In 2022, 50 million people are suffering from sarcopenia, a condition characterized by the loss of muscle mass and strength. Fast forward to 2050, it is projected that the number of individuals diagnosed with sarcopenia will soar to a staggering 500 million. Unfortunately, current solutions for sarcopenia are ineffective and inefficient. Exercise, for instance, hardly works for people with disabilities. Specific drugs designed to treat sarcopenia are conspicuously absent from the medical arsenal. Physical intervention, according to our interview with doctors, has shown only marginal effects in improving sarcopenia. Hence, team PTSH-Taiwan is dedicated to developing a more efficient sarcopenia medication, one that promises improved outcomes for patients and greater accessibility to those in need. This year, we developed Sarcotreat, an engineered live biotherapeutic product that treats multicausal sarcopenia.

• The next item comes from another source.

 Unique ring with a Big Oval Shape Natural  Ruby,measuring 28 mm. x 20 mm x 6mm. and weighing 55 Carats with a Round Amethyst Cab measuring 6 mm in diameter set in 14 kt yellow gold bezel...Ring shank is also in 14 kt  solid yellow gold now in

Sarcotreat is an engineered biotherapeutic product that contains three microorganisms, Kluyveromyces marxianus, Bacillus subtilis, and Clostridium butyricum, as vehicles for drug delivery. It will be consumed by humans and localized in intestines to produce 5 chemicals, butyrate, NMN, astaxanthin, PQQ, and HMB, that can improve sarcopenia. Kluyveromyces marxianus is engineered to produce NMN and Astaxanthin. Bacillus subtilis is engineered to produce HMB PQQ. Clostridium butyricum is not engineered. It can produce abundant butyrate per se.

Gut-muscle axis

The three vehicles were chosen deliberately for their unique and complementary characteristics. Firstly, all three listed microorganisms are part of the normal flora in the gut and are widely used as probiotics in the market, so when they are consumed, they can survive in the human gut and produce the desired beneficial chemicals. Recent studies have shown that healthy intestinal microbiota composition can modulate the immune system, lower oxidative stress, promote muscle synthesis, and enhance mitochondrial biogenesis and function through the gut-muscle axis. Hence, we believe that consuming the three microorganisms, which have the characteristics of probiotics, can help people combat sarcopenia.

The Symbiosis system

Due to their aerobicity, the three microorganisms can complement each other. Bacillus subtilis, generally regarded as an aerobe, can grow under strict anaerobic conditions, such as the human intestines. Kluyveromyces marxianus is a facultative anaerobe, and Clostridium butyricum is an obligate anaerobe. Firstly, the growth of beneficial anaerobic bacteria, so kluyveromyces marxianus will thrive, Bacillus subtilis rapidly consumes oxygen in the intestinal tract, leading to low oxygen conditions in the gut and promoting consumption of more oxygen, providing an ideal habitat for Clostridium butyricum to flourish. Also, Kluyveromyces marxianus can produce prebiotics, a group of nutrients that serve as sustenance for the gut microbiota, further enhancing their growth within the gut. In addition, there is a radial gradient of microbes within the gut, closely linked to the distribution of oxygen and the availability of nutrients provided by the host tissue. Theoretically, the three microorganisms will grow in different parts of the intestine, thereby not competing for the substrates and nutrients with each other, maximizing the efficiency of the system.

Efficacy of the chemicals

Because sarcopenia is a multicausal disease, it's challenging for a single chemical compound to effectively address sarcopenia. Therefore, we deliberately choose five chemicals, butyrate, HMB, astaxanthin, NMN, and PQQ, that address each cause of sarcopenia, including a reduction in muscle protein synthesis, mitochondria dysfunction, cellular oxidative damage, inflammation, and fat accumulation.

Chemicals Function
Butyrate Promotion of Muscle synthesis、prevention of muscle cell autophagy、anti-inflammation、prevention of fat accumulation、increase insulin sensitivity、anti-fatigue
HMB Promotion of muscle synthesis、prevention of muscle cell autophagy
Astaxanthin Promotion of muscle synthesis、 prevention of cellular oxidative damage、 promotion of mitochondrial biosynthesis、prevention of fat accumulation、anti-fatigue, prevention of muscle cell autophagy
NMN promote mitochondrial biosynthesis、promote whole-body metabolism, enhance aerobic capacity
PQQ promote mitochondrial biosynthesis、increase mitochondrial efficiency


Through engineering, Sarcotreat has five biosynthesis pathways

Clostridium butyricum cm1

Clostridium butyricum cm1 is not engineered in this project

Bacillus subtilis rm125

Bacillus subtilis rm125 is engineered to produce HMB and PQQ.

Kluyveromyces marxianus km929

Kluyveromyces marxianus km929 is engineered to produce NMN and astaxanthin.